The first thing I attempted was a classical approach to traffic cone detection. By performing colour segmentation on the image, I identify all objects that are orange, yellow or blue. By applying canny edge detection and identifying convex hulls in an image, I bound each of these objects with our colours of interest as shapes. By writing a program that checks whether the convex hull is pointing upwards and whether the tip of the convex hull is within x-coordinates of the base of the convex hull, I created a heuristic that filters out valid convex hulls from non-valid convex hulls. For each valid convex hull, a bounding box is generated thereby identifying cones in the image.

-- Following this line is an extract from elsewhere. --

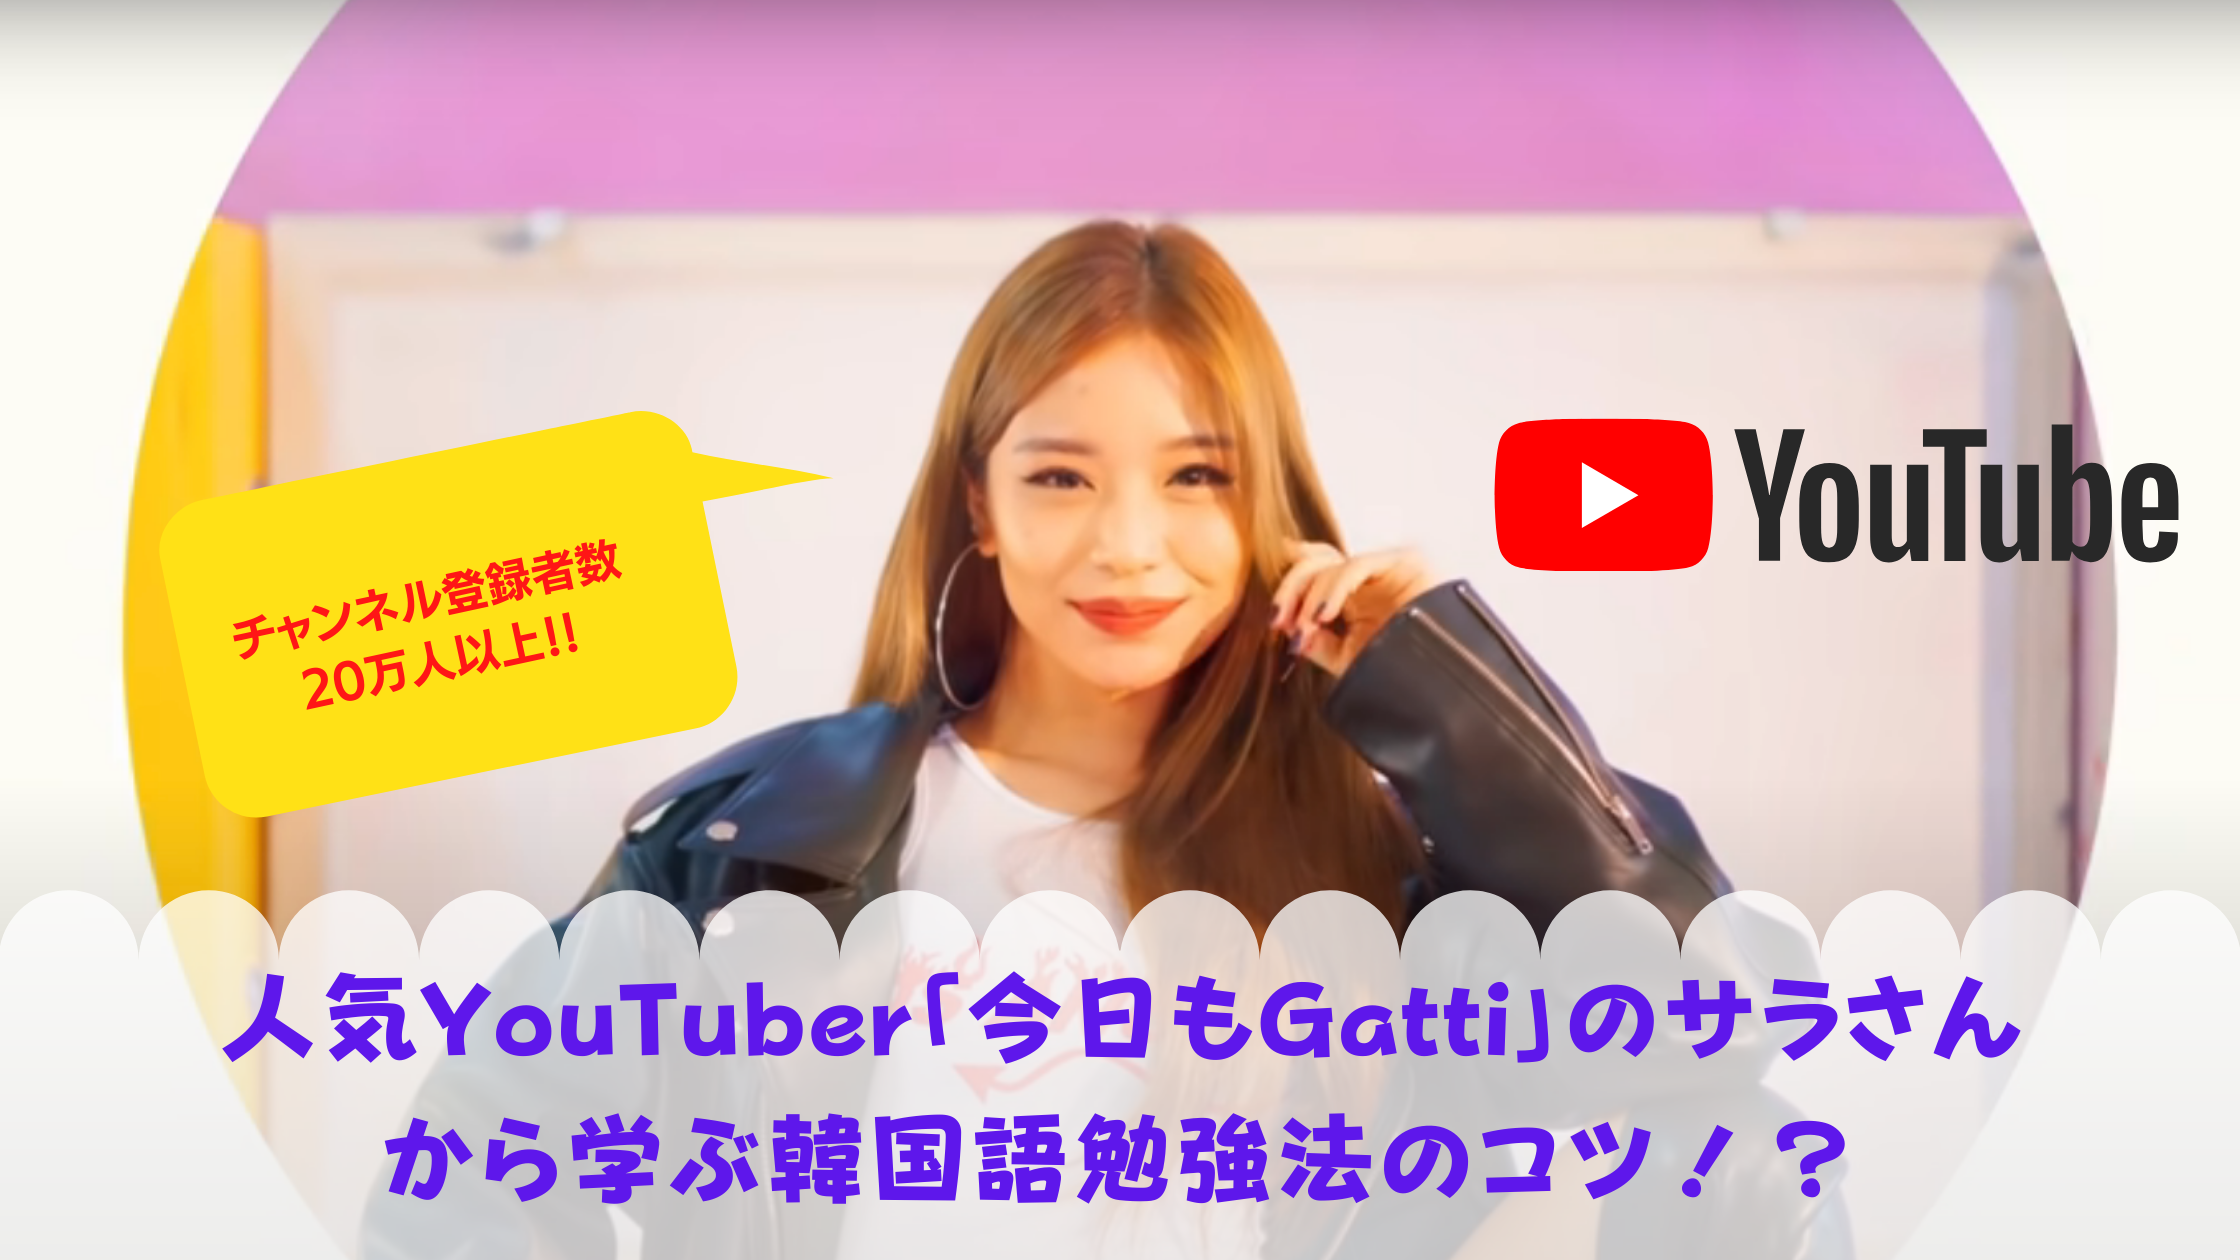 今日もgatti 韓国系youtuberの韓国語勉強のコツを検証してみた 30歳からの韓国語

Below you will find demos of an implementation of this program. 

utfr_convex_hell_demo_1.png
utfr_convex_hull_demo_2.png

Conclusion of experiment: Convex-hull based cone detection isn't a robust solution.

Depth Estimation

A team member of mine began working on a Haar Cascades based approach which works much better on the cone detector than a convex-hull based detection approach. I began focusing on creating a depth estimation program. The problem: A severe lack of resources. The solution: Bootstrapping a system because none of us give up so easily! You can view the cascade classifier below paired with the depth estimator I worked on.

depth_estimation_diagram.png

Depth estimation with two monocular cameras.

Since we don't have RGBD (depth) cameras, I decided to take some inspiration from how the human visual system works and built my own depth estimation program using two monocular cameras, disparity information between the cameras, triangulation, and some creative mathematics.

An excited me after getting the depth estimation system working (testing it with an off-the-shelf face classifier).

Conducting some tests in front of the UofT Formula Racing (UTFR) Workshop.

HSVHaarDepth_1.png

Testing the Haar Cascade Classifier for cones, a HSV colour segmenter and the depth estimation program all at once.

HSVHaarDepth_3.png

Stress testing the depth estimation and cone detection system at a far distance.

This approach has the capacity to run really quickly (after some optimizations) which is advantageous for the real-time, resource constrained environment that we're in. However, it might suffer from accuracy issues when there are multiple cones as there will be on an actual formula race track. This experiment motivates the use of deep learning approaches to achieve cone detection.

Next Steps

  • Develop deep learning approach using object detectors such as YoloV5-Small, YoloV7, etc. (Timeline: After 1-2 month, we'll have a well-trained detector that can run on a Jetson Nano and can perform cone detection at scale).